> _WHAT YOU SHOULD DO_
No pictures belong in the copy. Retype exactly, and only, the stretch of lines below from the one with "madre padre e hijas con corazones vector" through the one with "Horse1034_Jan30-2012".

> _DATA TO PROCESS_
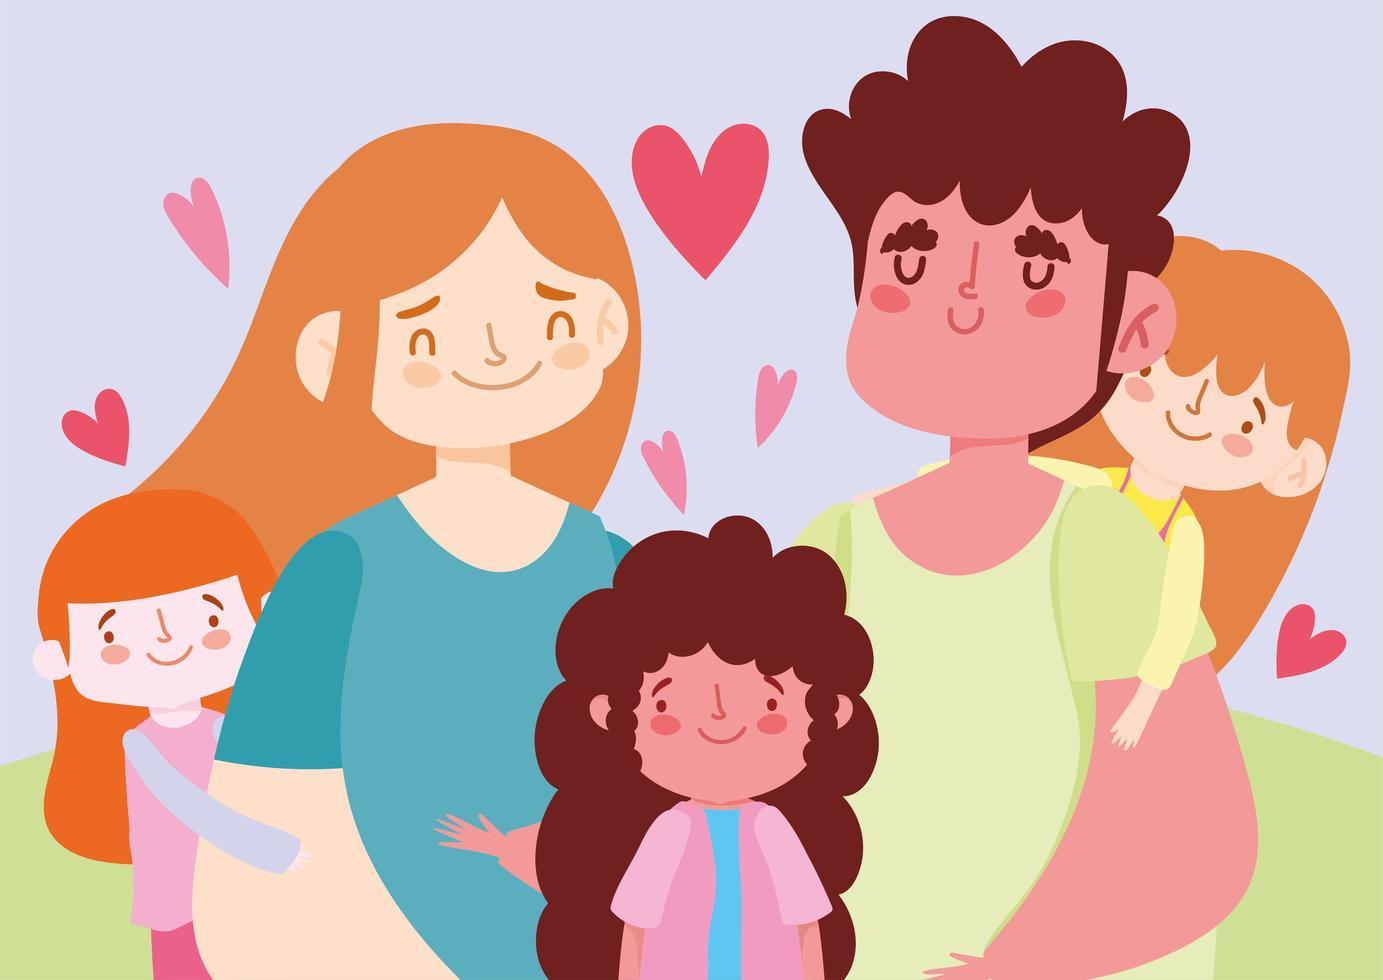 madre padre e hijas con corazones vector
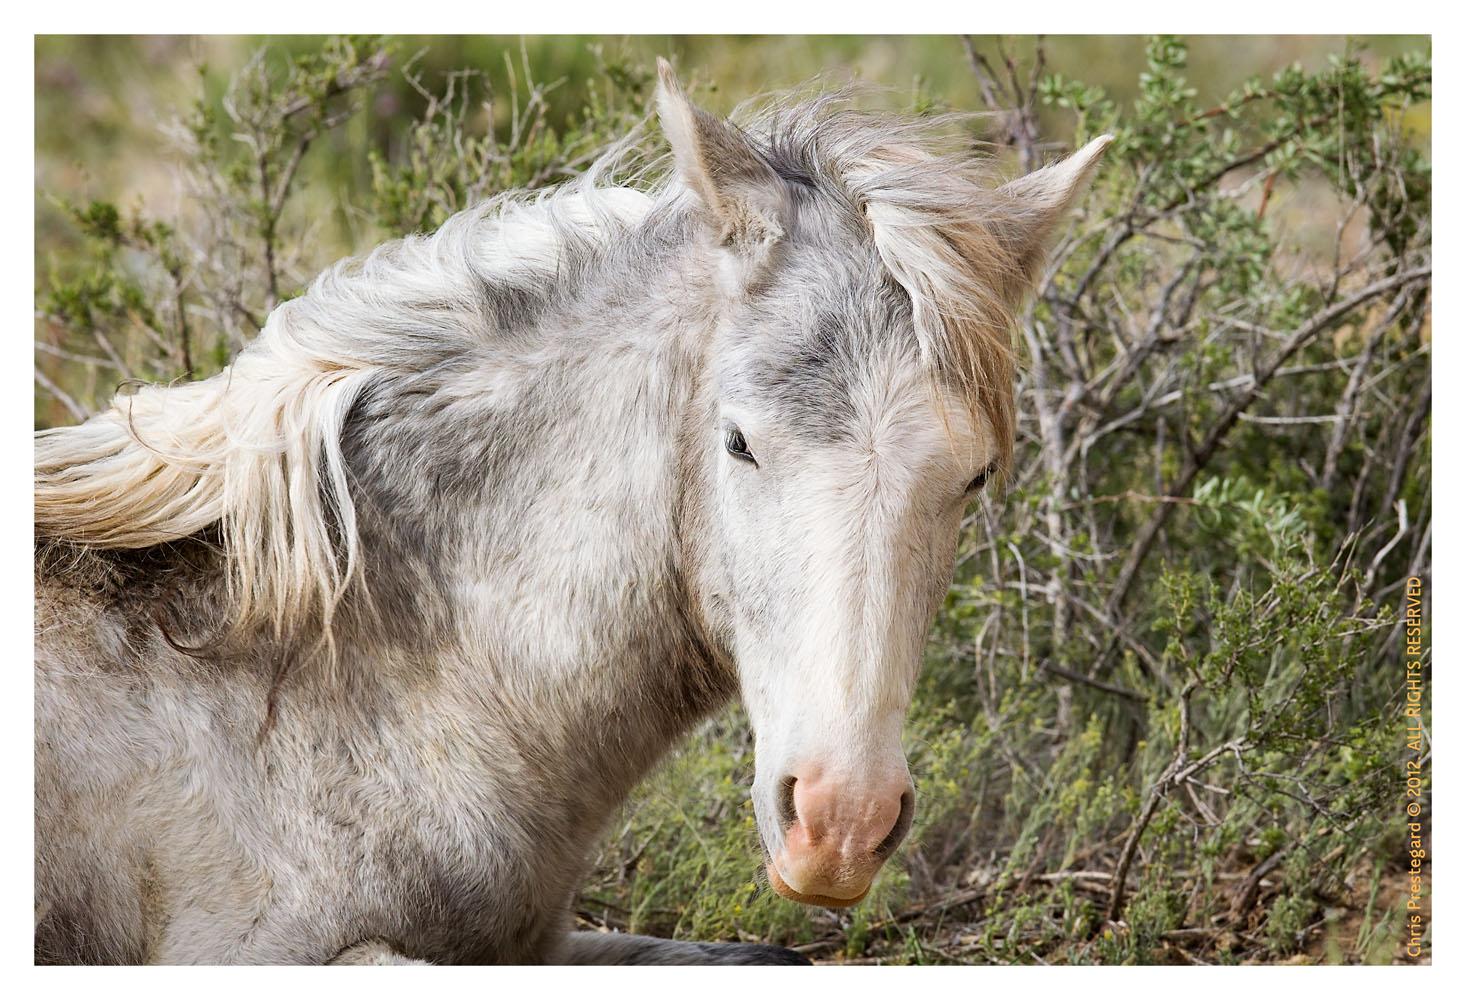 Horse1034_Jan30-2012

==

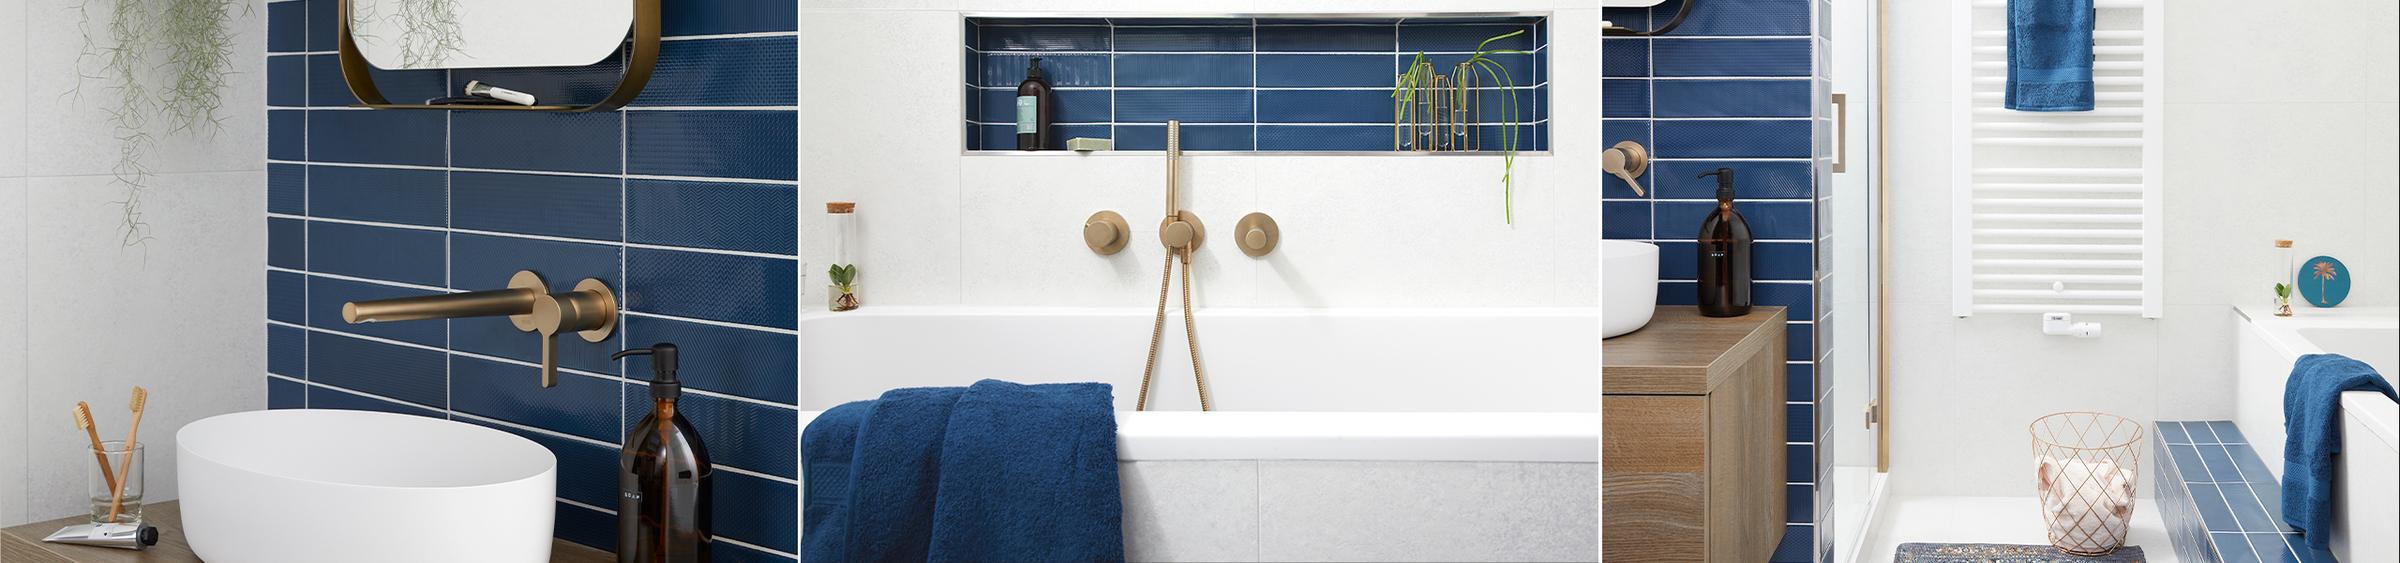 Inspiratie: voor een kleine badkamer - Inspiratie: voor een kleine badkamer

---

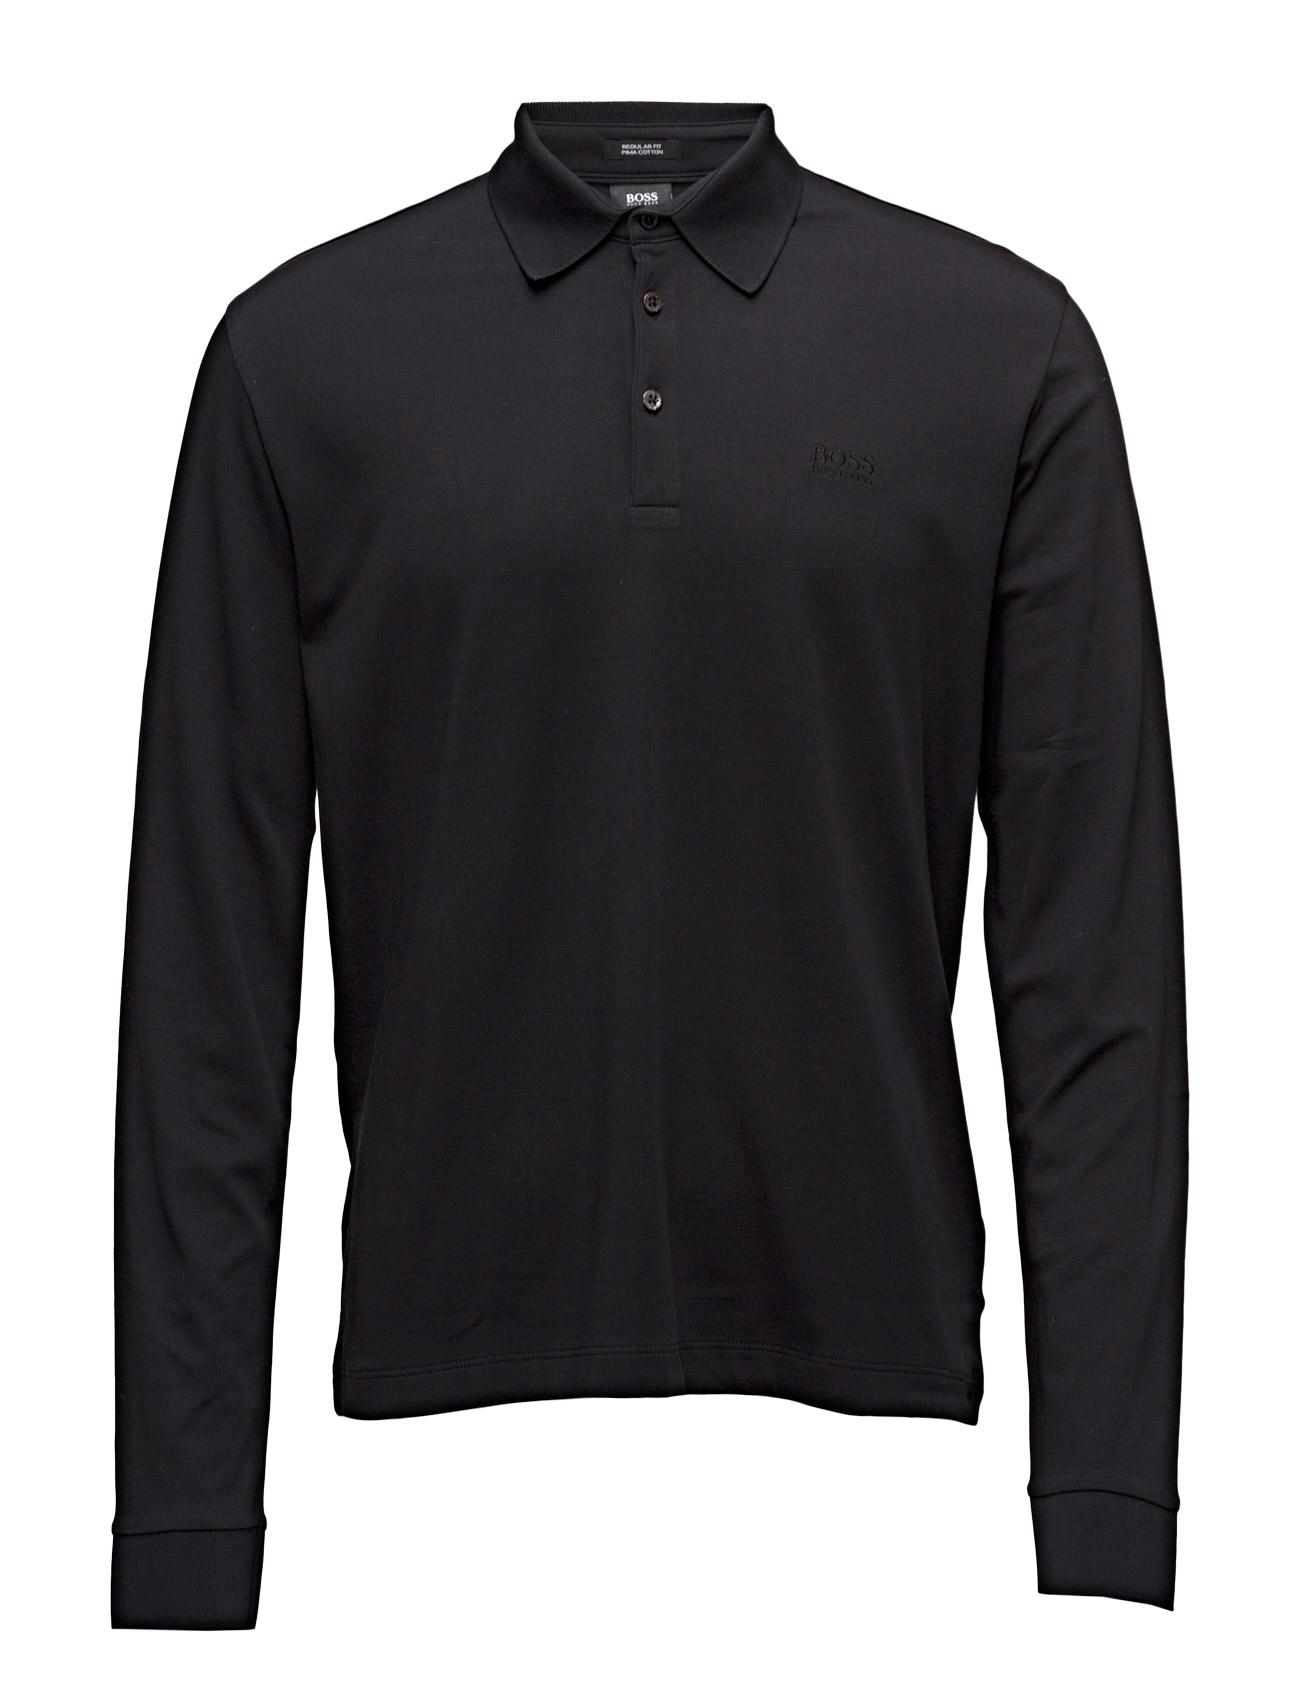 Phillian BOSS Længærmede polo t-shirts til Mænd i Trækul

> _EXERCISE ANSWER_
 madre padre e hijas con corazones vector
 Horse1034_Jan30-2012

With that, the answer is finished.